Johnson v. Bennett Lumber Co.

Decision Date02 September 1988
Docket NumberNo. 16523,16523
Citation115 Idaho 241,766 P.2d 711
PartiesJoann Lynn JOHNSON, Claimant-appellant, v. BENNETT LUMBER COMPANY, Employer, and Workmen's Compensation Exchange, Surety, Defendant-respondents.
CourtIdaho Supreme Court

Aherin, Rice & Brown, Lewiston, for claimant-appellant. Darrel W. Aherin argued.

Clements, Brown & McNichols, Lewiston, for defendants-respondents. John R. Stegner argued.

Moffatt, Thomas, Barrett & Blanton, Boise, for amicus curiae. John W. Barrett argued and filed a brief.

BAKES, Justice.

Claimant Johnson appeals from an Industrial Commission order denying her worker's compensation benefits because the commission found that her low back problems were not caused by an accident arising out of and in the course of her employment with Bennett Lumber Company. Because there is substantial competent evidence to sustain the commission's findings, we affirm.

I

Johnson's notice of injury and claim for benefits, filed with the Industrial Commission, alleged that she sustained an industrial accident and injury on February 20, 1985. At the hearing before the commission the evidence disclosed that in September of 1982, claimant Johnson went to work for defendant Bennett Lumber Company at Bennett's Lumber Mill in Elk City, Idaho. Claimant's job entailed cleaning up the mill after it had ceased operations for the day. Her duties consisted of sweeping up sawdust with brooms and shovels, picking up slabs or boards (weighing up to 100 pounds) that could not be used as lumber, and throwing it all into the floor chains which took the debris to the burner. Claimant and another woman (Kathy Lovell) worked together at the cleanup job.

The record shows that claimant had been enduring mechanical low back pain for some time prior to February 20, 1985, the date of the alleged accident. For instance, beginning March 29, 1982, claimant had received four chiropractic treatments for her back pain and had her low back X-rayed. These treatments were not for injuries received while employed by Bennett Lumber Company. The first treatment preceded her employment with Bennett. Next, approximately the first part of February, 1985, claimant began to experience severe pain in her low back. She had not injured her back while working, and she thought it might be her kidneys because she had experienced kidney problems as a child. Claimant did not work the weekend before February 11, 1985. On Monday, February 11, 1985, claimant had low back pain of such severity that she missed work, and the next day she went to see her local physician, Dr. Franks. She described the pain to him as a "sharp pain like a knife stabbing me in the back." The doctor's diagnosis was low back strain and, on his advice, claimant took the rest of the week off. Claimant asked her husband to advise the plant manager that she would not be able to go to work. He reported to the employer on February 11, 1985, and again on February 13, that claimant's inability to return to work was not related to an on-the-job injury.
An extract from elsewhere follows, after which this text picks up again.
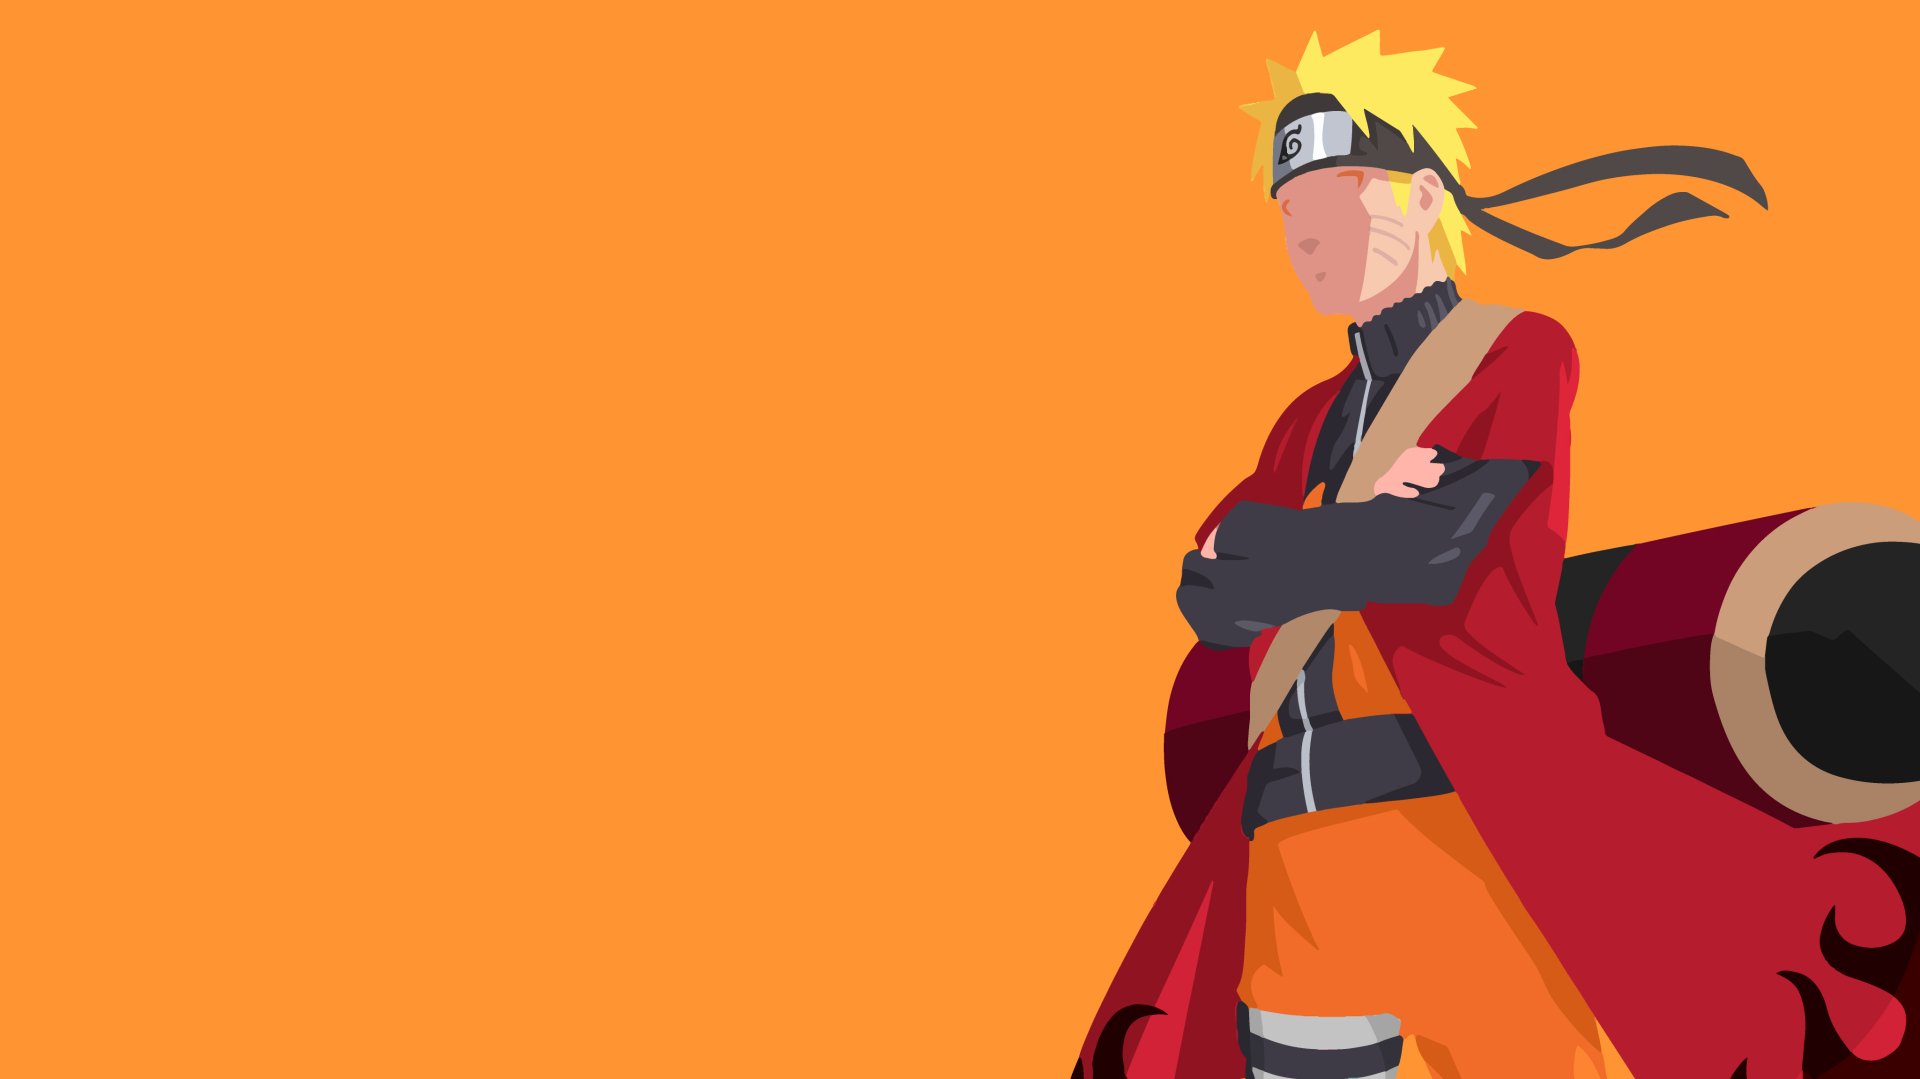 Naruto 4k Ultra HD Wallpaper | Background Image ...
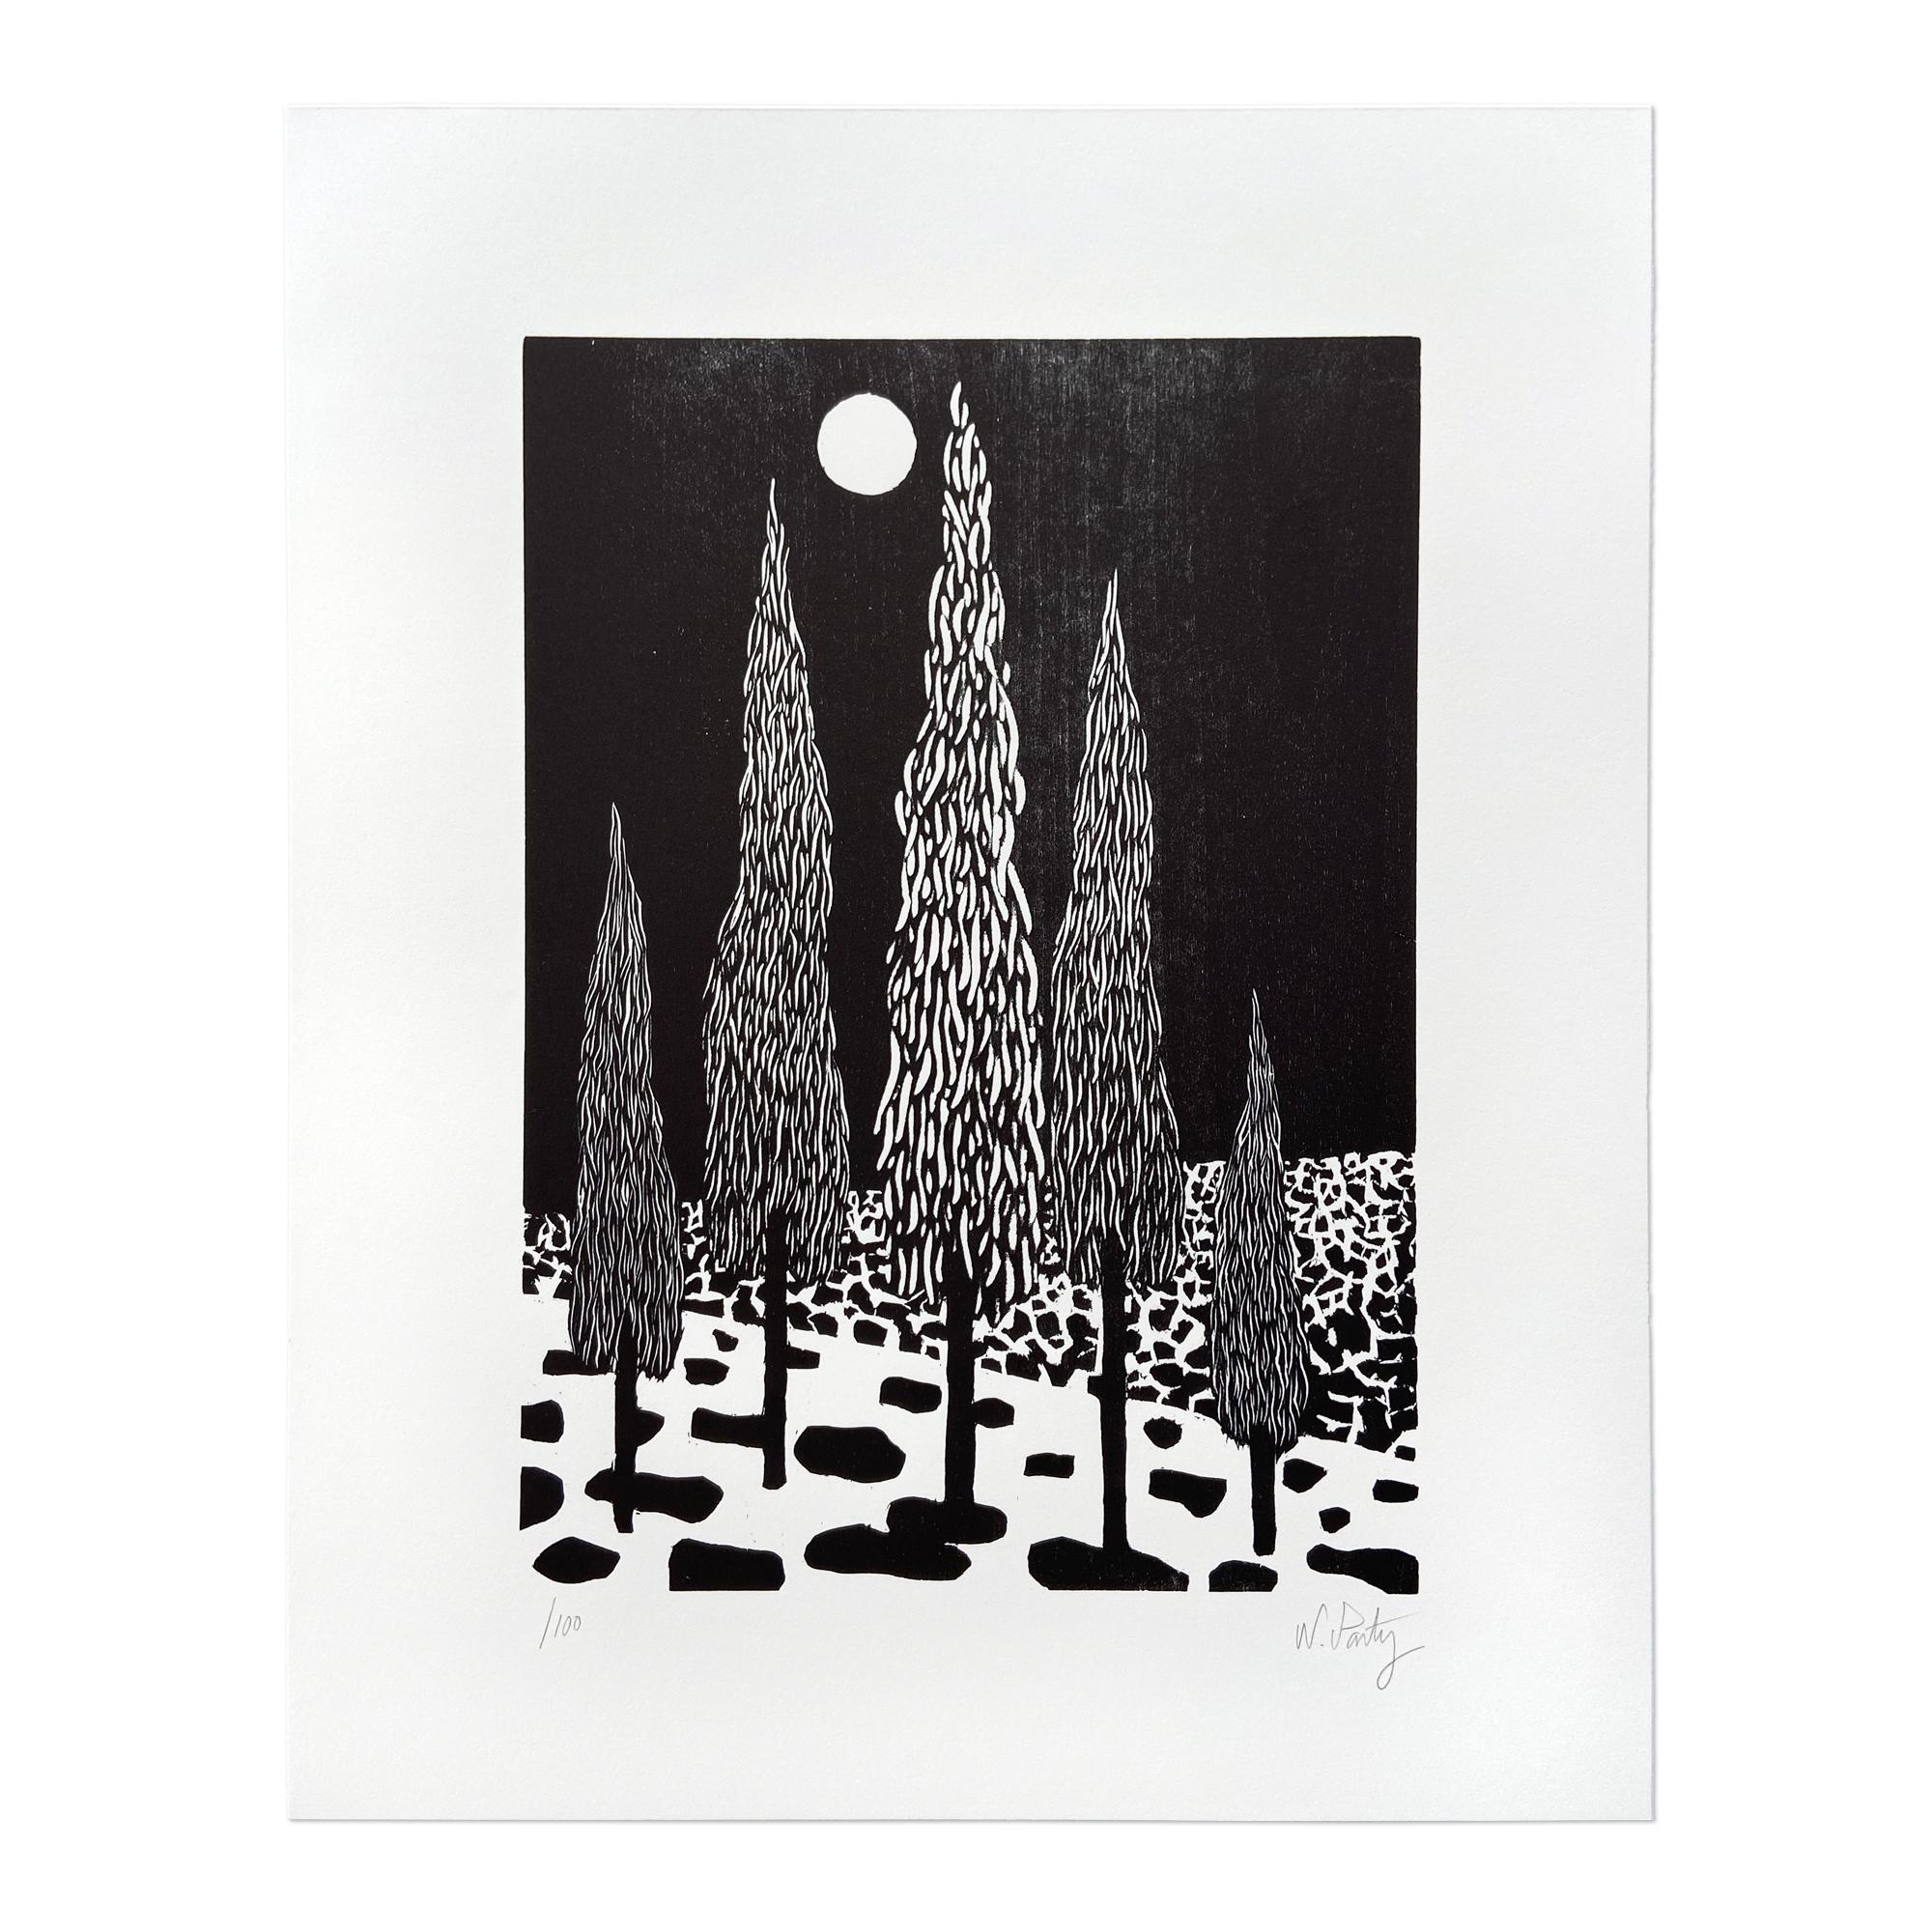 Nicolas Party Landscape Print - Trees, Woodcut on Paper, 21st Century Contemporary Art

Further, the medical bills incurred when claimant went to see Dr. Franks were referred to the company handling the medical insurance for the company (MSB), not the worker's compensation carrier.

Claimant continued to suffer from low back pain over the next weekend, but she nevertheless went back to work on Monday, February 18. Claimant worked February 18, 19, and 20, but her co-worker, Kathy, had to do most of the work. On February 21, claimant did not report to work, but went to see Dr. Cleto who admitted her to the local hospital and took X-rays of her back. Because there was no immediate improvement in her condition, claimant was referred to another doctor and admitted to the hospital in Clarkston, Washington, where a CT scan and other tests were performed. The CT scan showed no evidence of a herniated disc, and the hospital records disclose no pain radiating down claimant's legs. Claimant was given several medications, including a local cortisone injection. Although there was evidence of an apparent congenital bony protrusion from the sacrum impinging on the thecal sac, claimant rapidly became virtually asymptomatic. No further intervention was deemed necessary and claimant was discharged with a diagnosis of mechanical low back pain.

On March 7, 1985, claimant requested worker's compensation forms from her employer. When asked why she wished to have worker's compensation forms, claimant replied that the company's medical insurance would not pay for her prescription medicine, but that worker's compensation would. However, she made no statement to her employer at this time that she had suffered an accident and injury on the job. On March 15, 1985, claimant filed a notice of injury and claim for benefits with the Industrial Commission, alleging for the first time that she suffered an industrial accident on February 20, 1985, while working at her cleanup job.

On May 29, 1985, claimant went to Spokane, Washington, to be examined by Dr. Adams. Claimant told Dr. Adams that her problems centered around an injury on February 20, 1985, and that it was her first low back injury. The history claimant provided Dr. Adams was the basis for his testimony that claimant's low back condition resulted from an incident on February 20, 1985. Dr. Adams' ultimate diagnosis was mechanical low back pain, the same diagnosis the Clarkston hospital rendered.

Based on all of the evidence in the record, the commission made its finding of fact that claimant's back condition was not caused by an accident arising out of and in the course of her employment with Bennett Lumber Company.

II

The only issue before the Court is whether, construing the record most favorably to the party who prevailed below, the respondent-employer, Blackwell v. Omark Ind., 114 Idaho 10, 752 P.2d 612 (1988), there is any substantial competent evidence to support the commission's factual finding. Idaho Const. art. 5, § 9; I.C. § 72-732(1); Lopez v. Amalgamated Sugar Co., 107 Idaho 590, 691 P.2d 1205 (1984). As the transcript and exhibits from the Industrial Commission hearing demonstrate, there is ample substantial competent evidence upon which the commission could have based its findings.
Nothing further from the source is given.